[DATA PROVIDED]
■ ■ ■
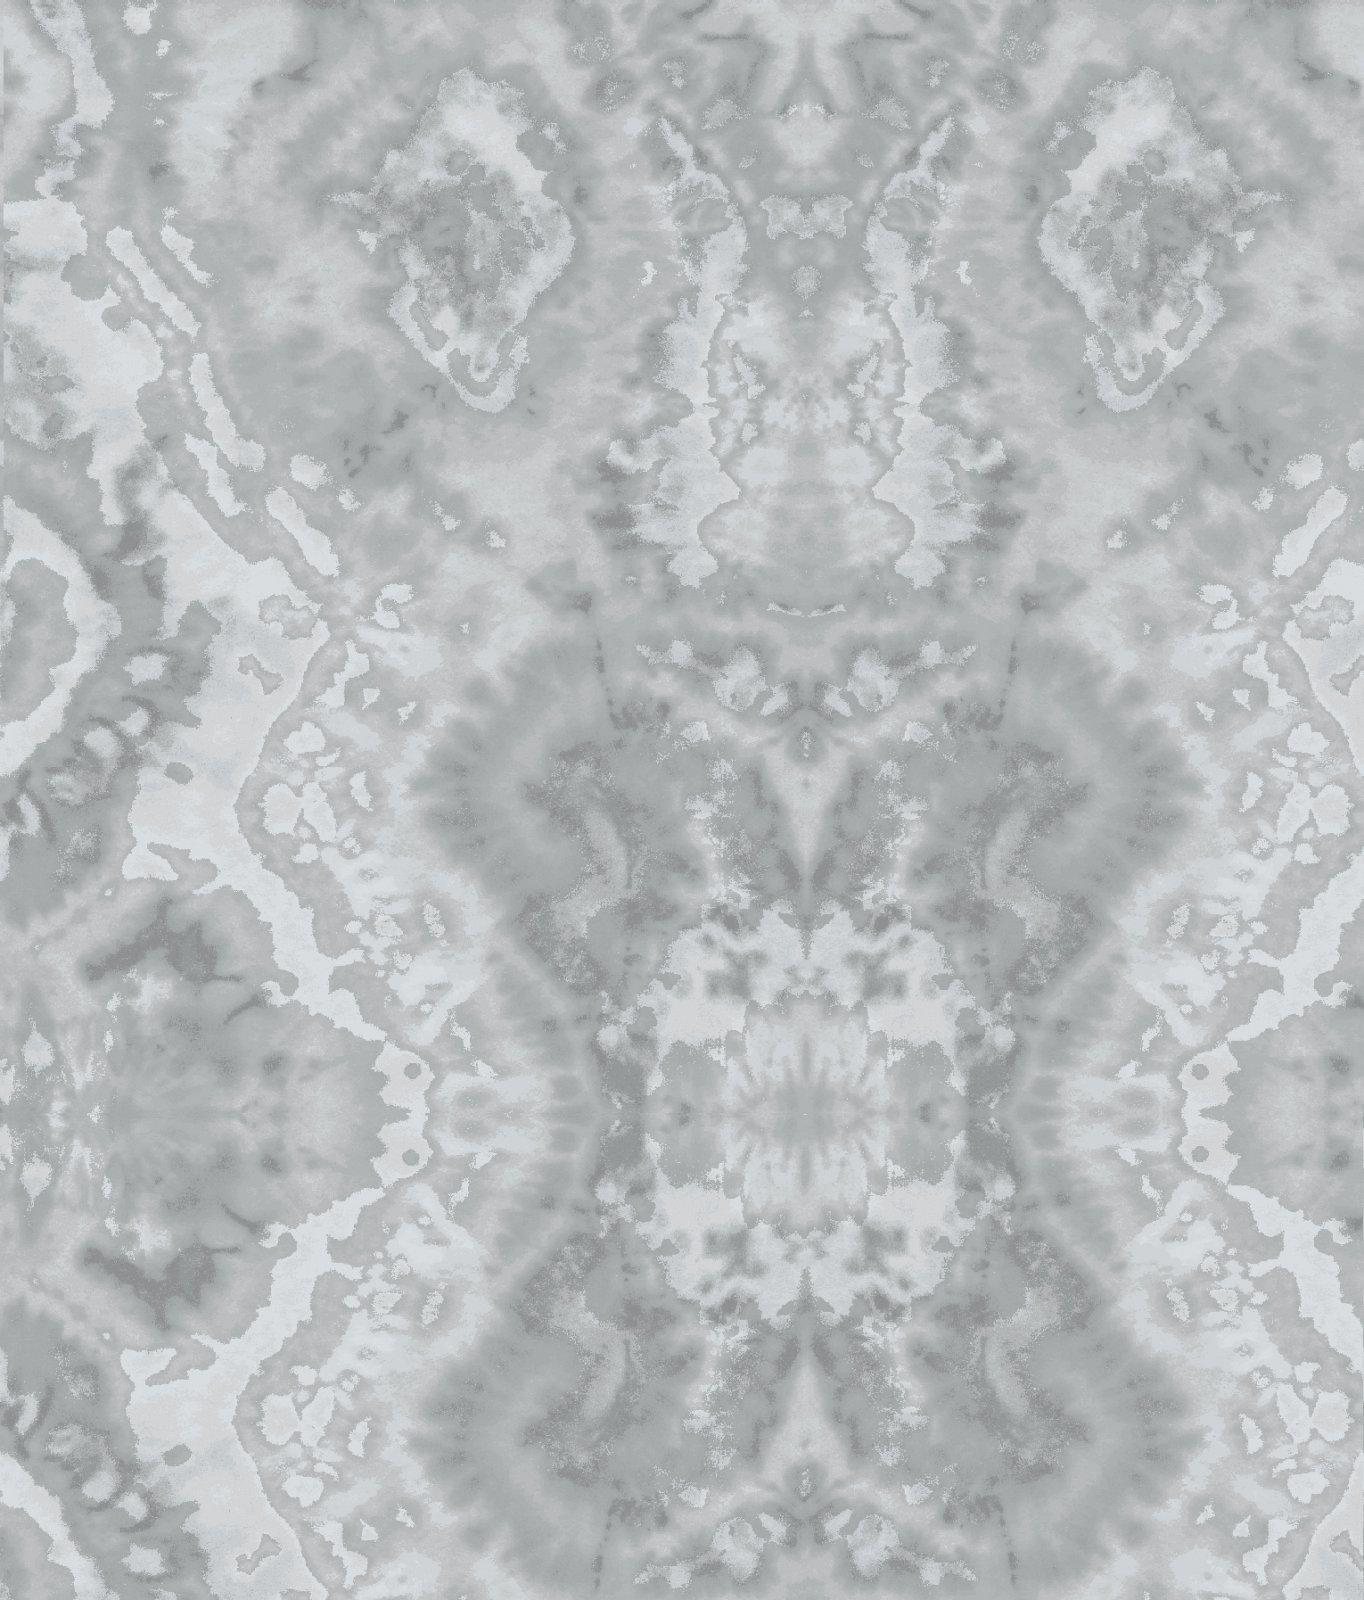 AE-Comfy Flannel Print 9419-999 Grey Blender Flannel
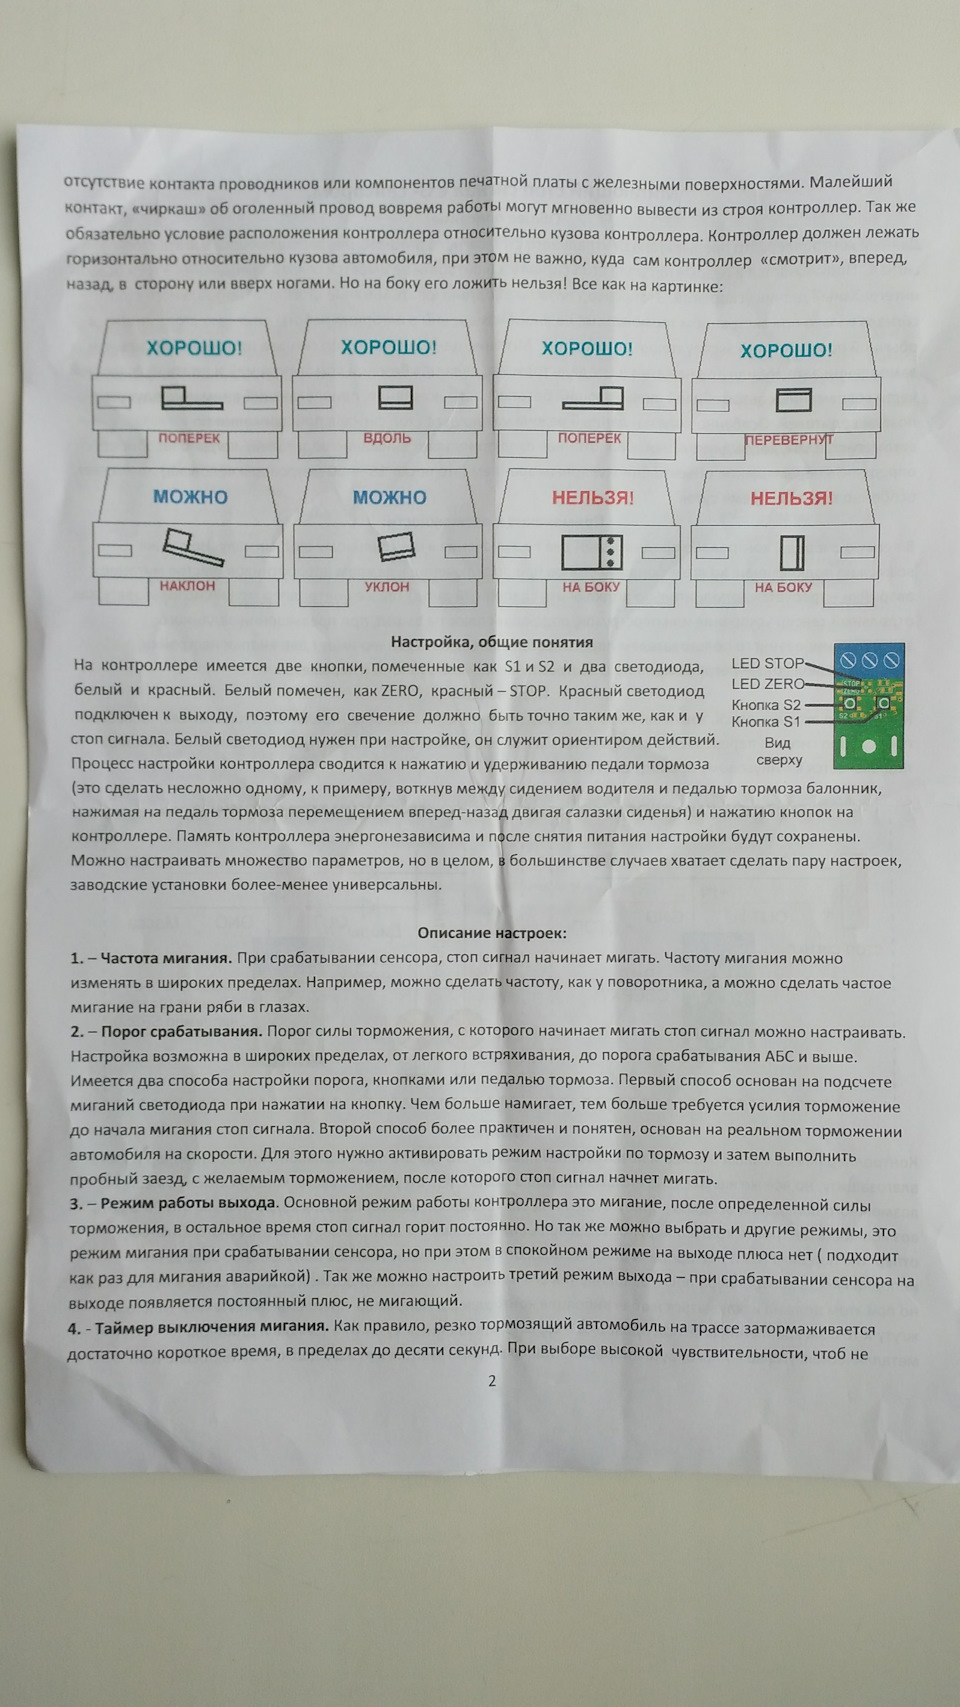 e371715s-960.jpg
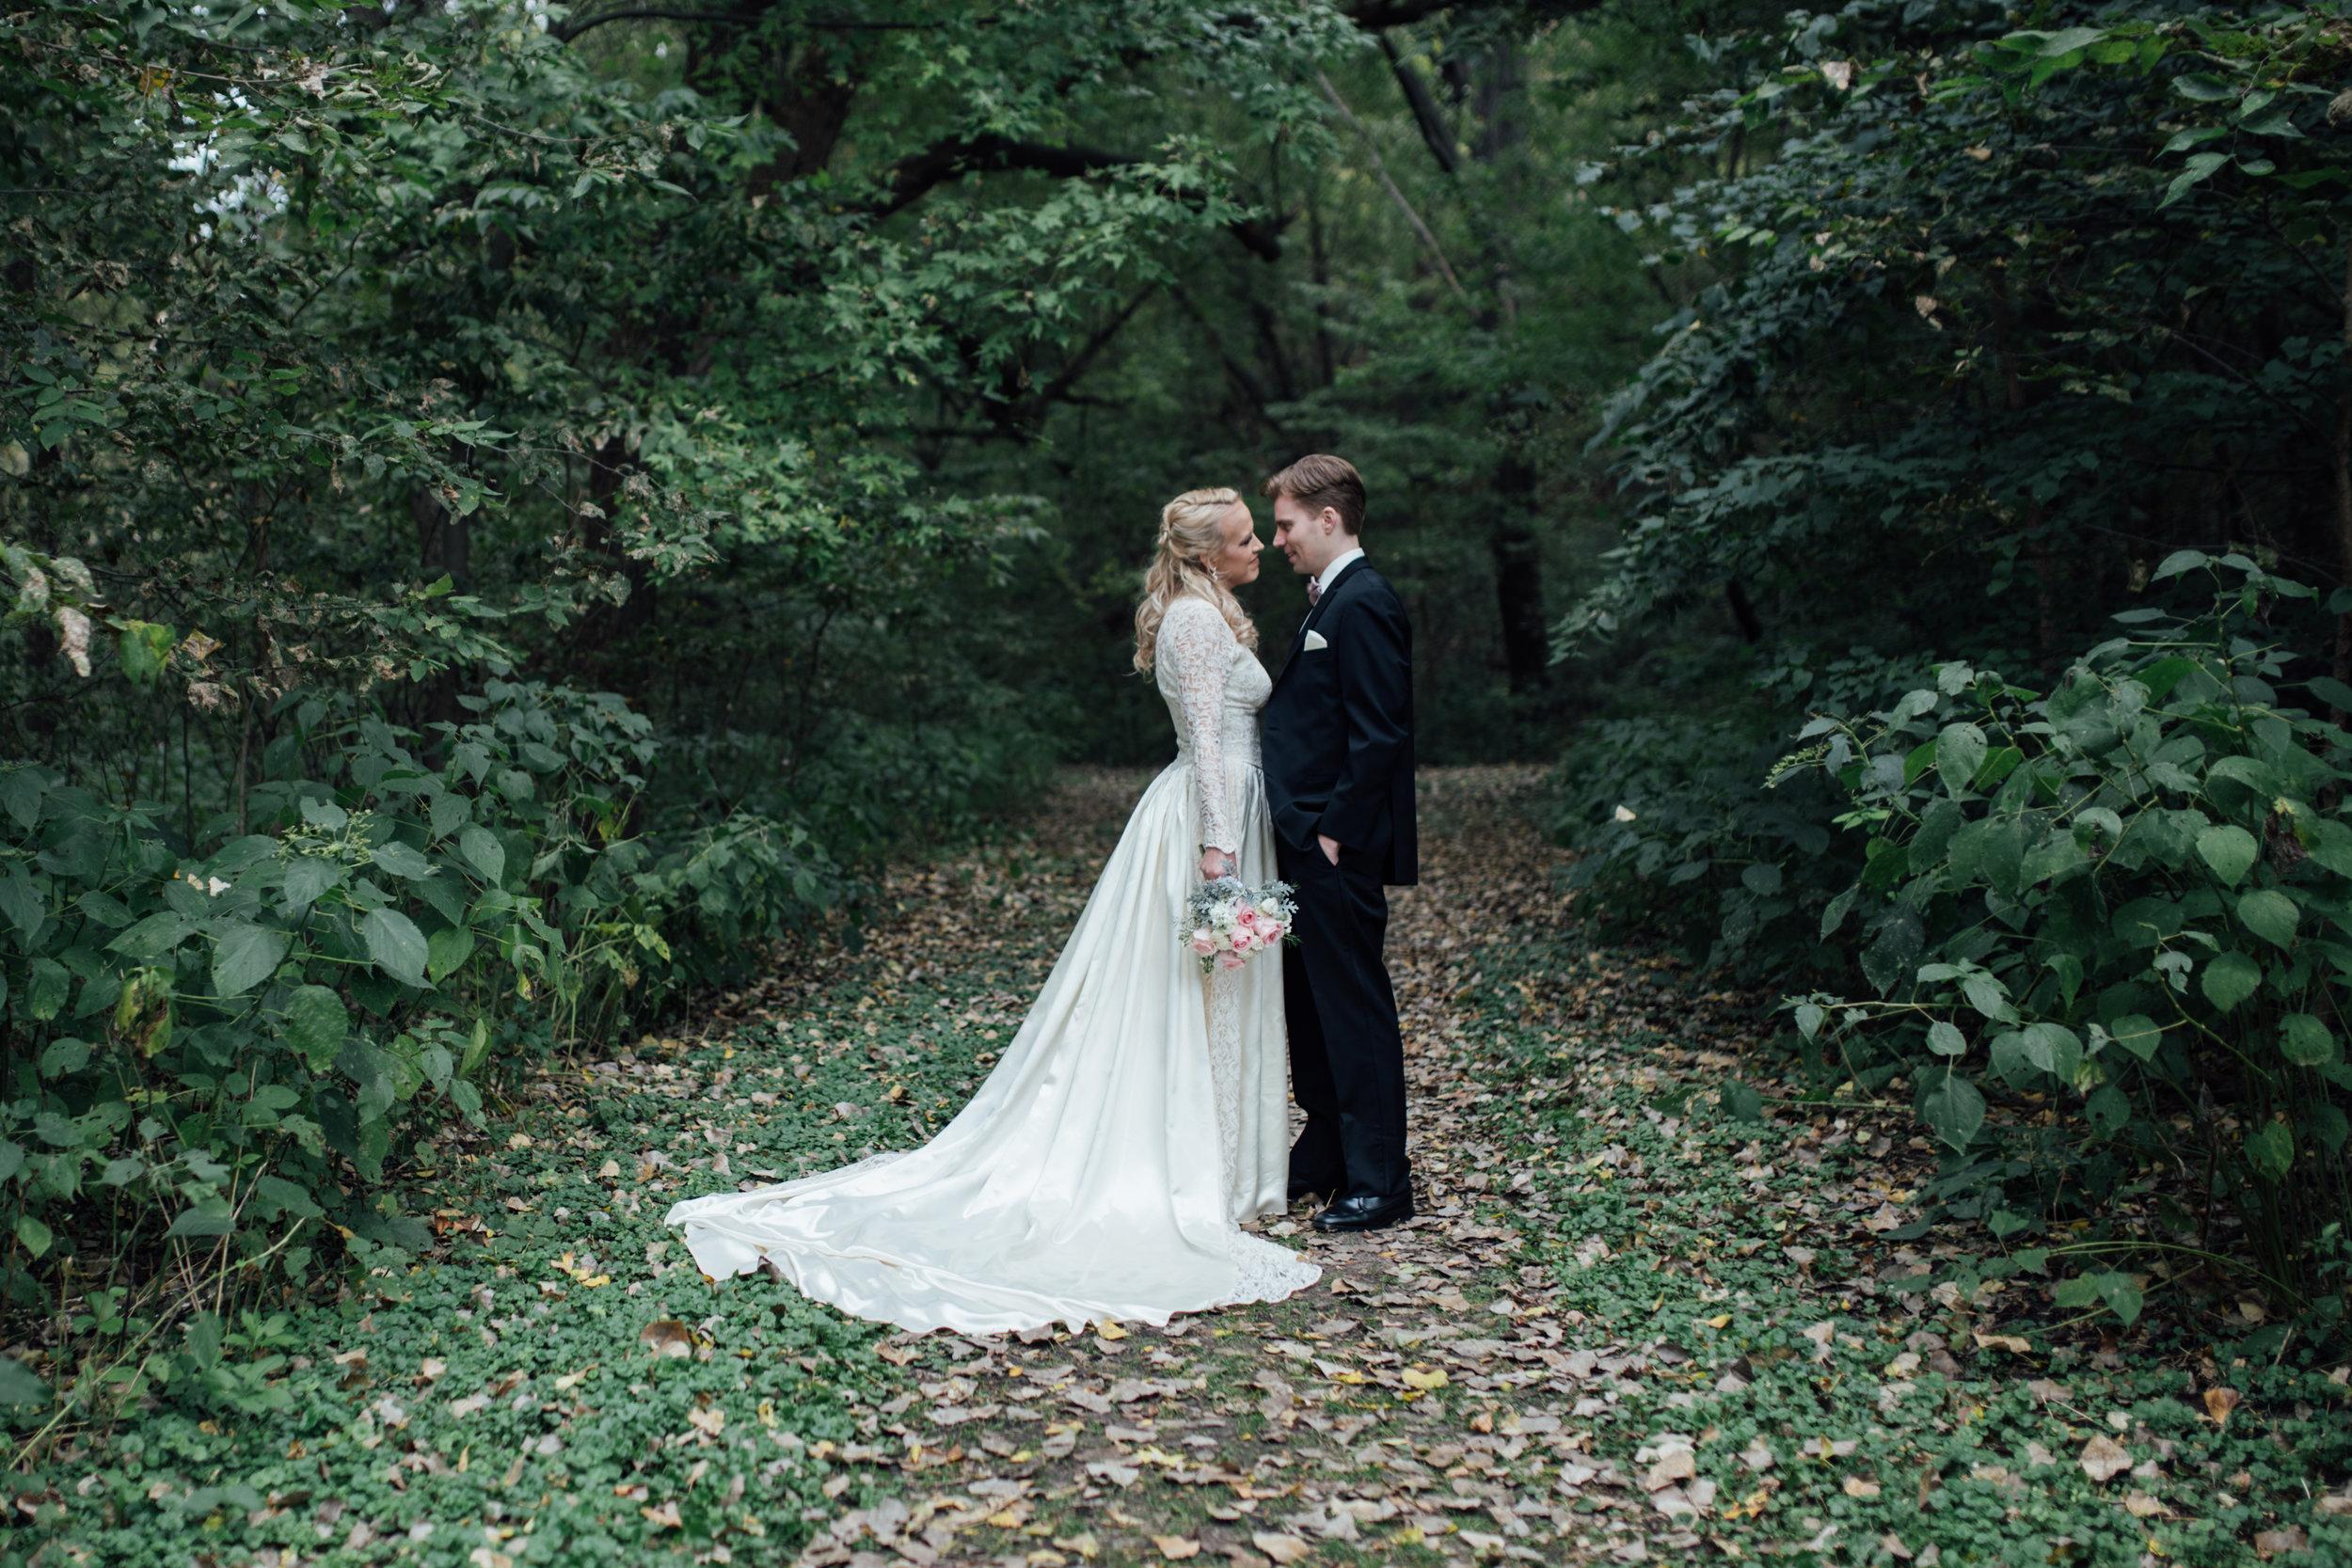 laurel-lee-photography-wedding-photographer-minnesota-1.jpg
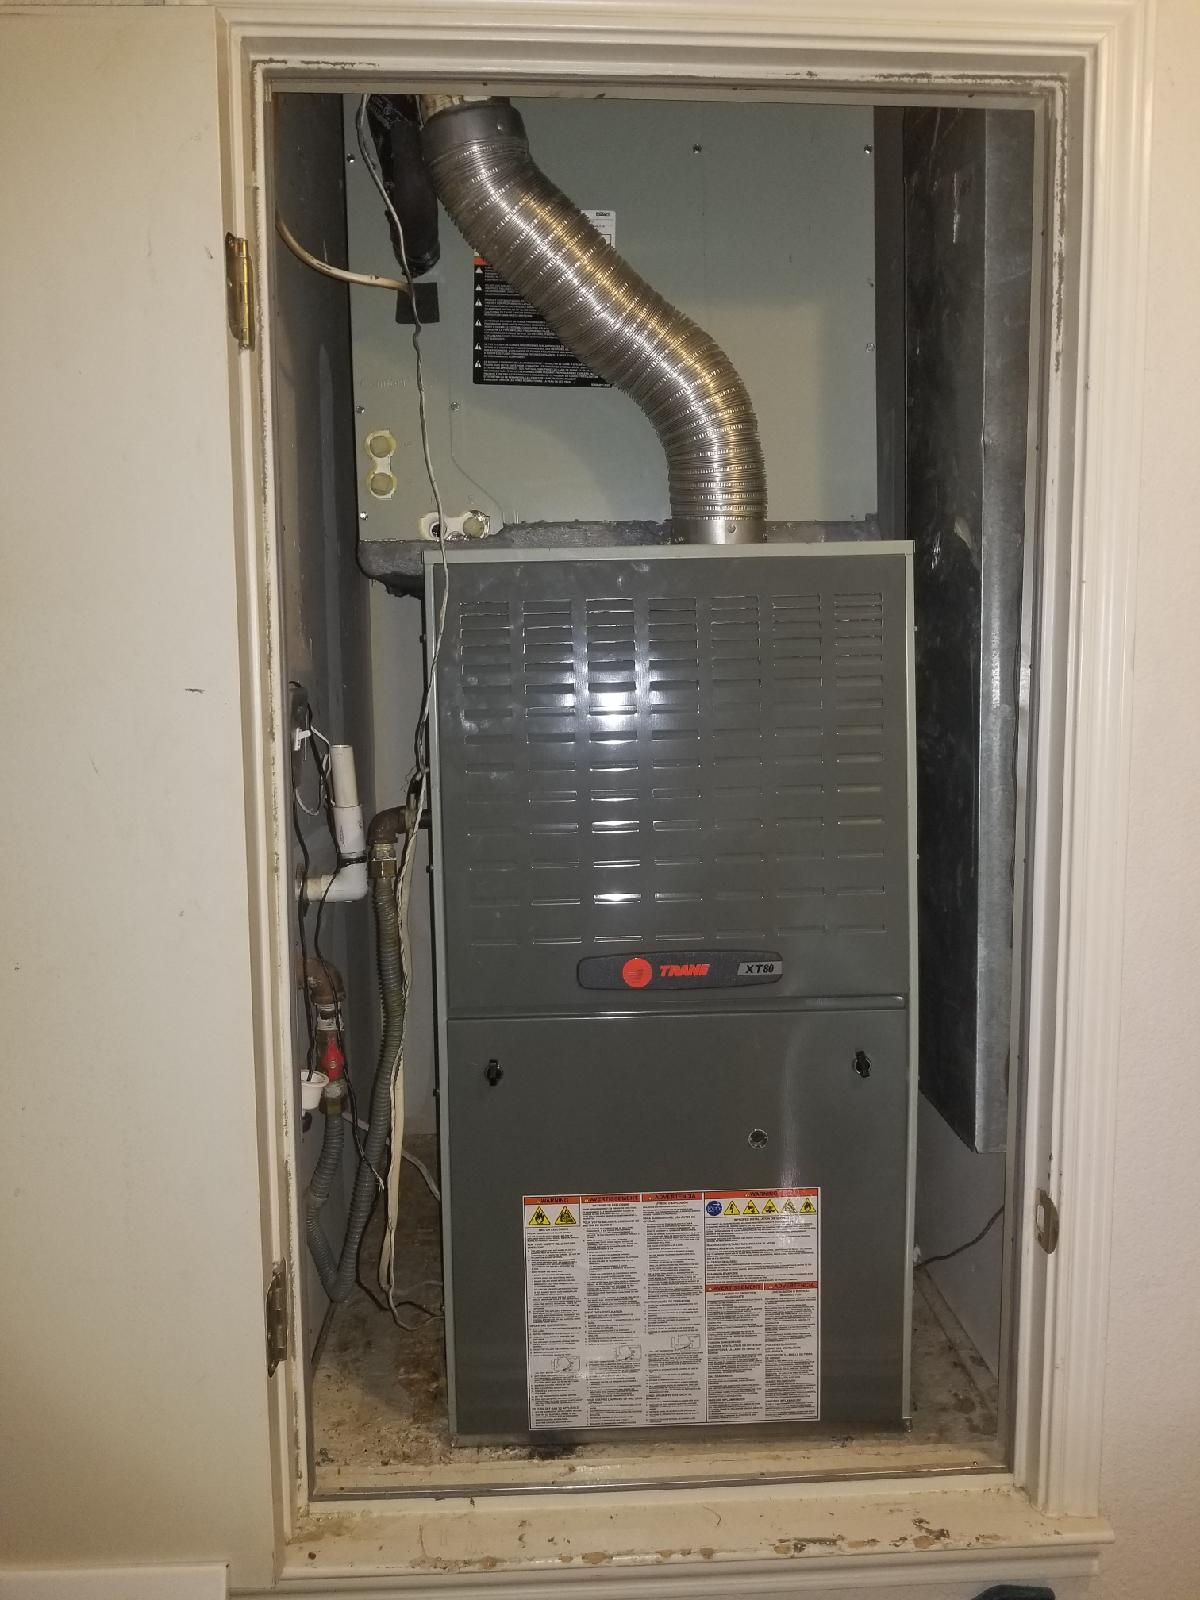 Beasley Trane Furnace Install
■ ■ ■
[PROMPT] Produce a word-for-word version of the material, with no pictures included.

[SOLUTION FOR THIS TASK]
 AE-Comfy Flannel Print 9419-999 Grey Blender Flannel
 e371715s-960.jpg
 laurel-lee-photography-wedding-photographer-minnesota-1.jpg
 Beasley Trane Furnace Install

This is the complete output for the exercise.